- **TASK ITEM**
Set down exact lines only, from the line with "Jerusalem Israel skyline" through the last line of the material below, with every picture left out.

- **RECORDED DATA**
---------------

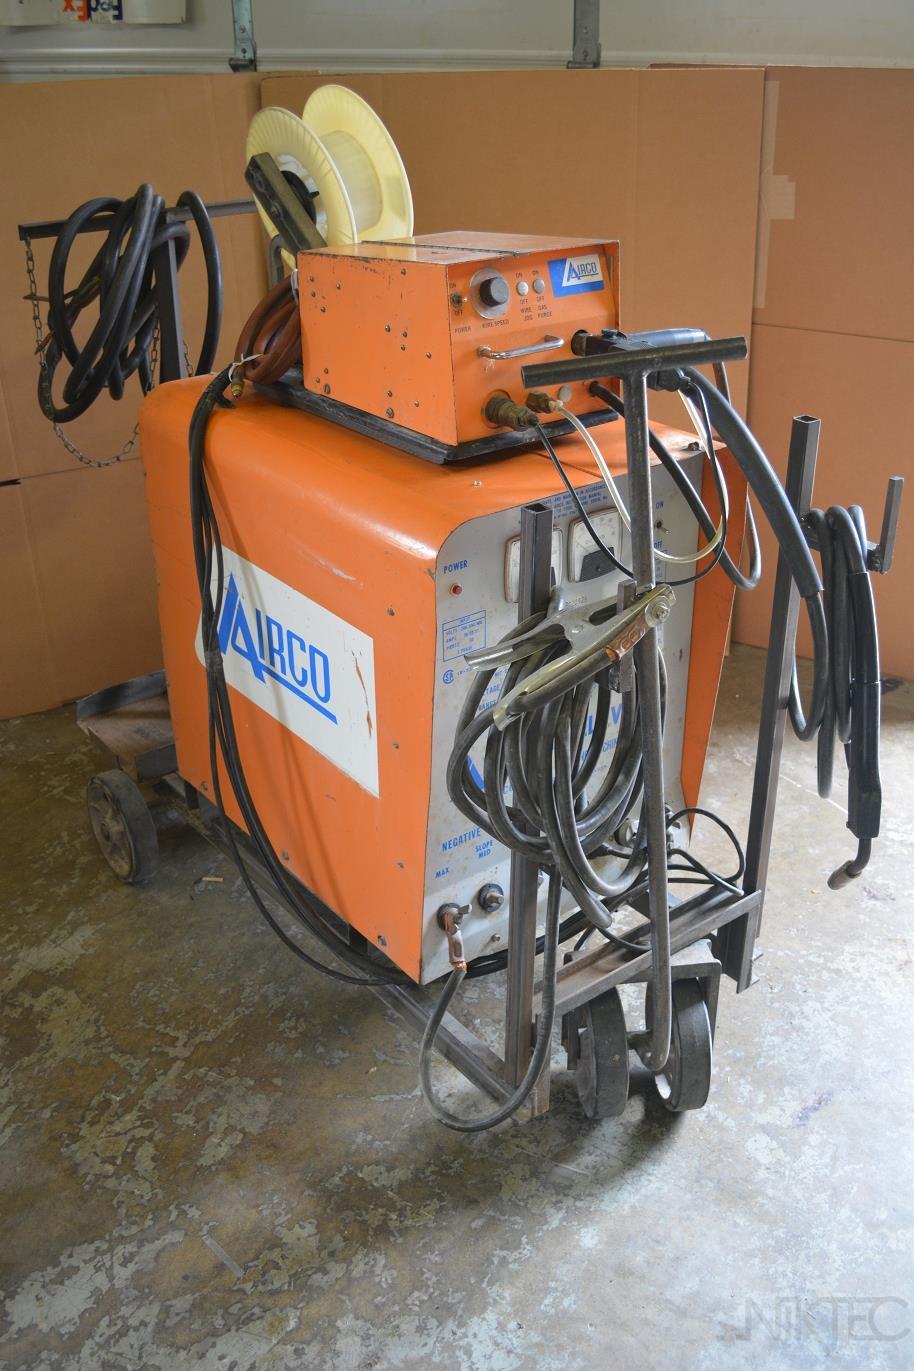 airco cv 300 welder 300amp mig welder wire feeder ebay. Black Bedroom Furniture Sets. Home Design Ideas
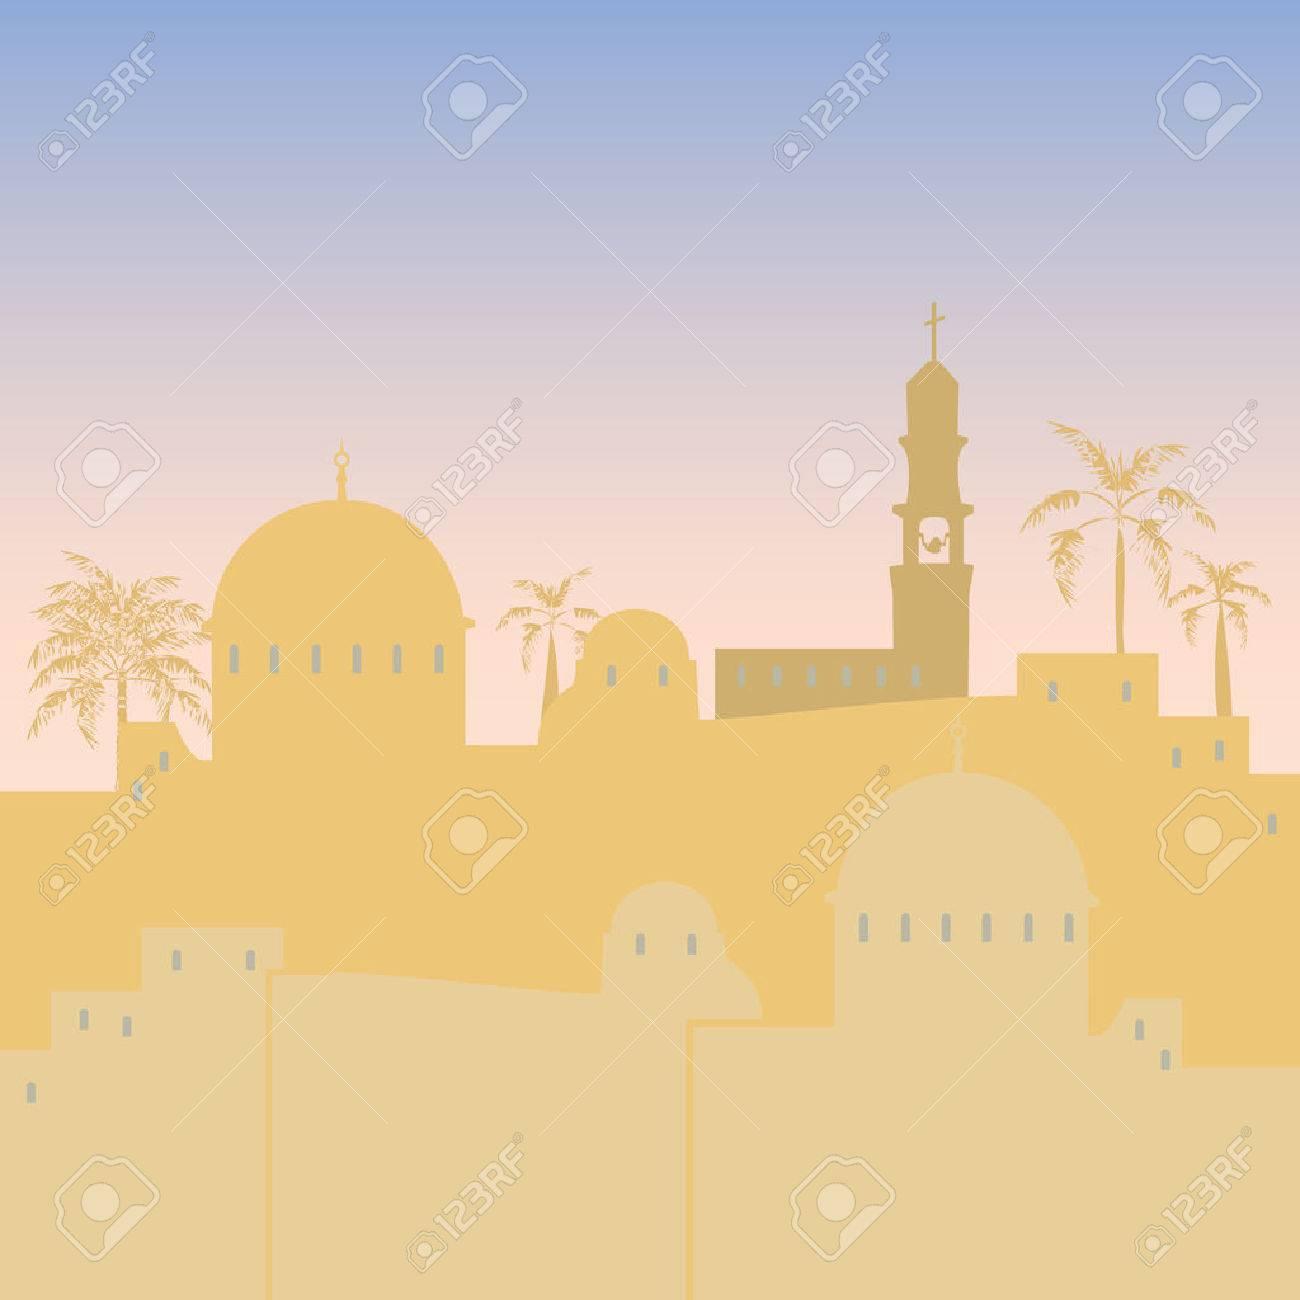 Jerusalem Israel skyline silhouette flat design illustration - 59853120
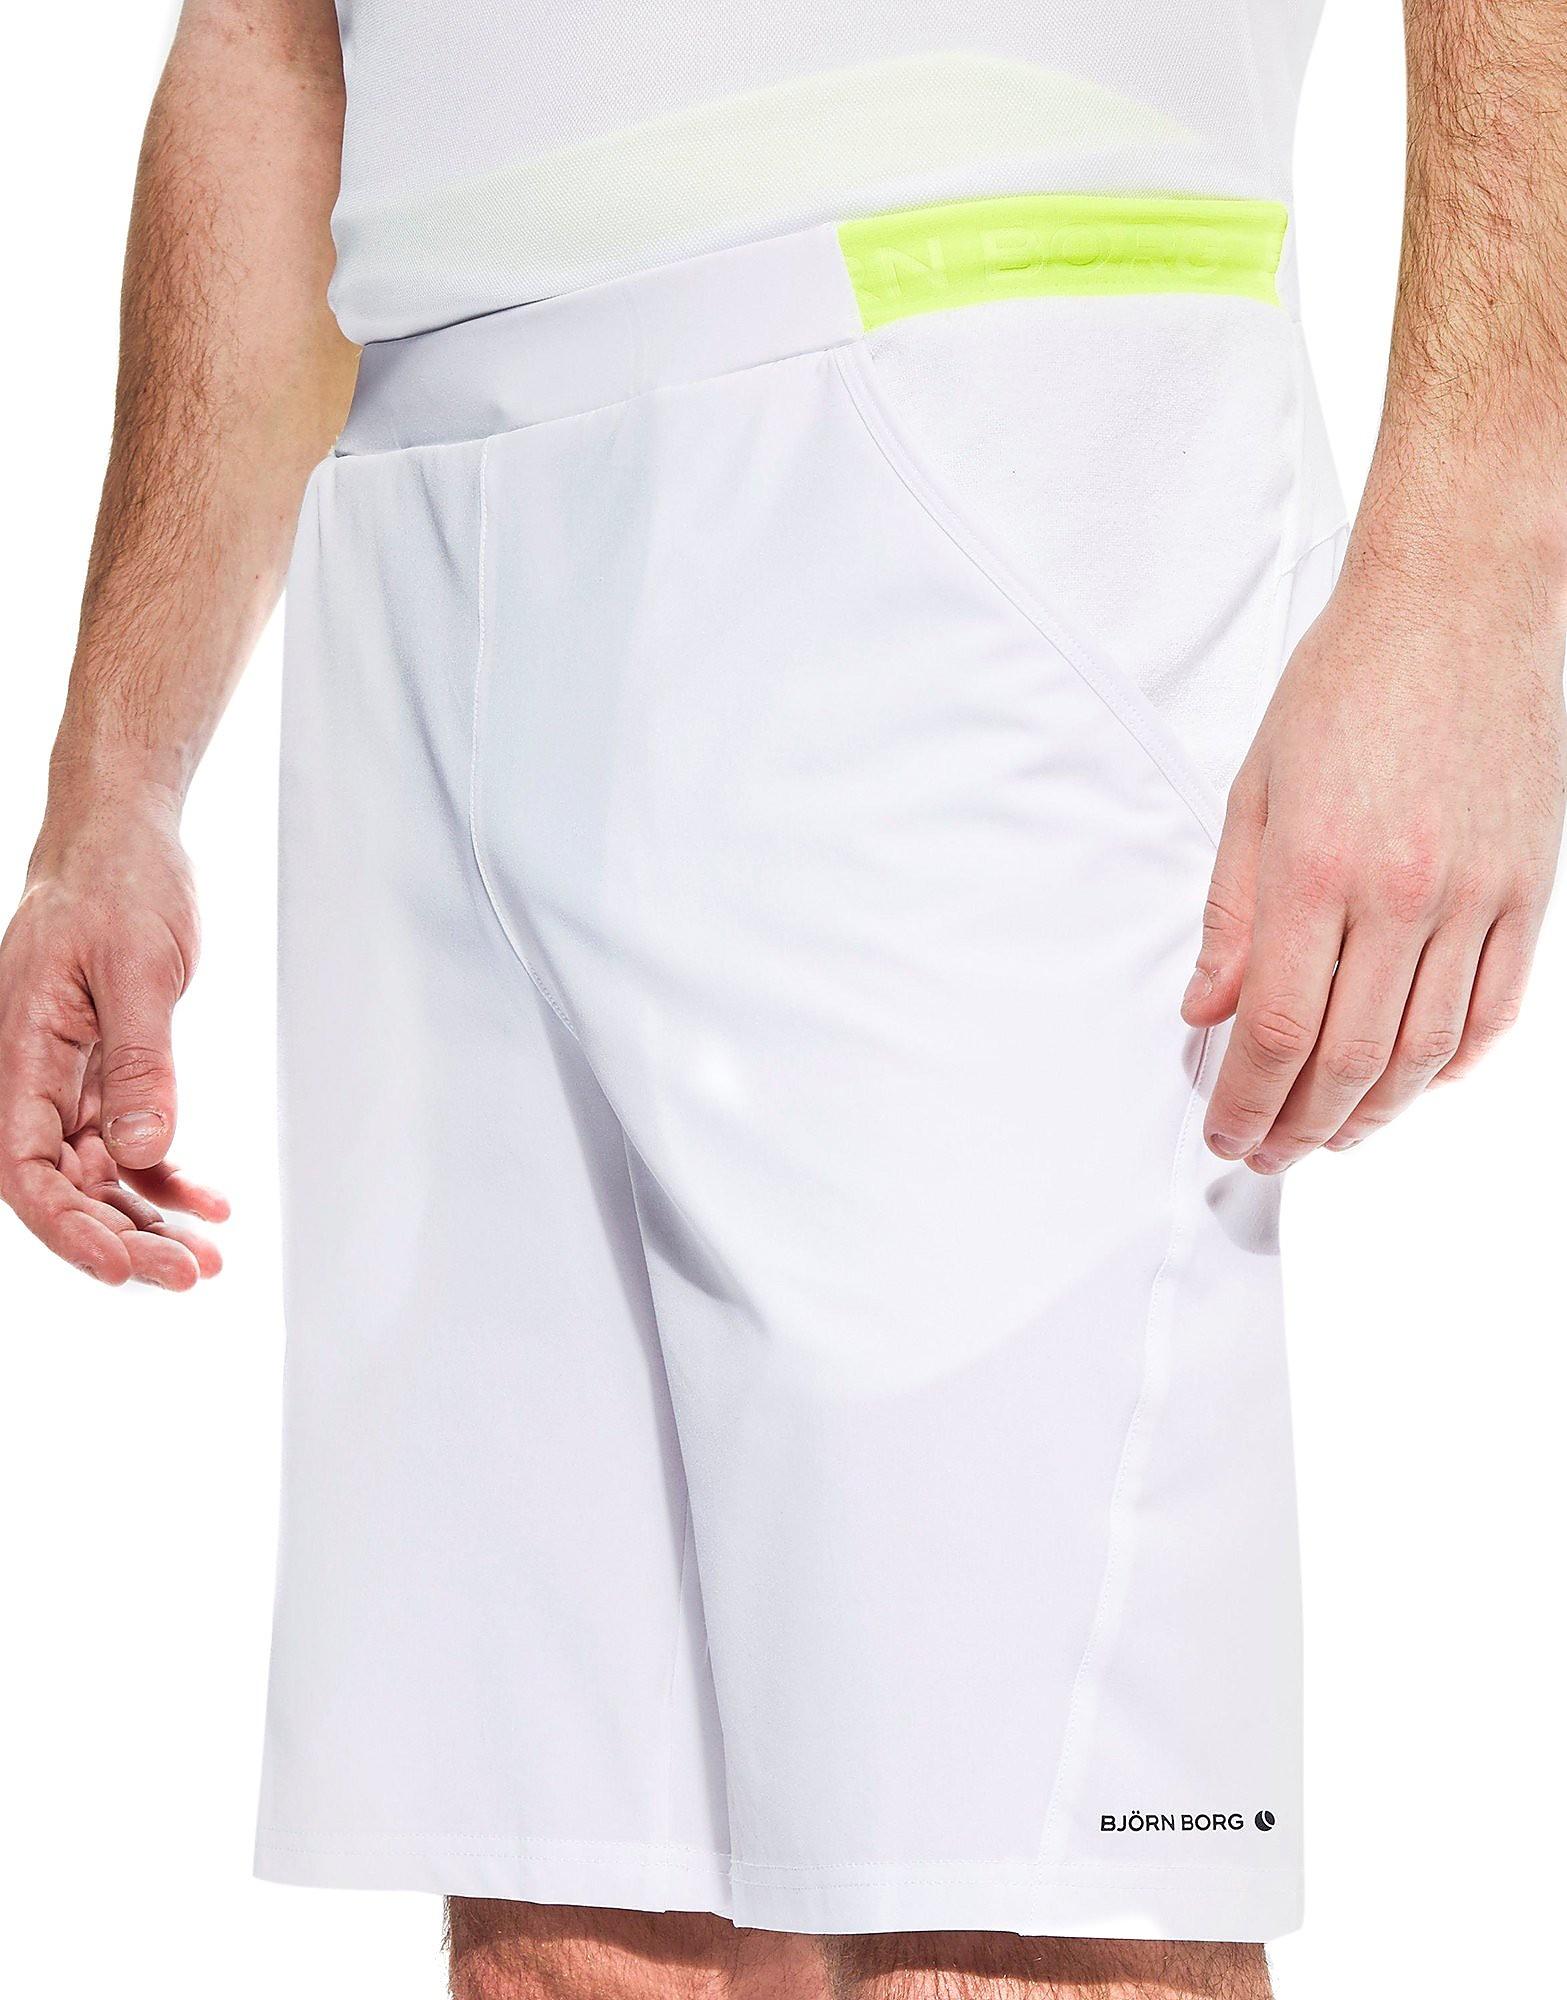 Bjorn Borg Tarik Tennis Shorts

---------------

- **FINAL ANSWER**
 Jerusalem Israel skyline silhouette flat design illustration - 59853120
 Bjorn Borg Tarik Tennis Shorts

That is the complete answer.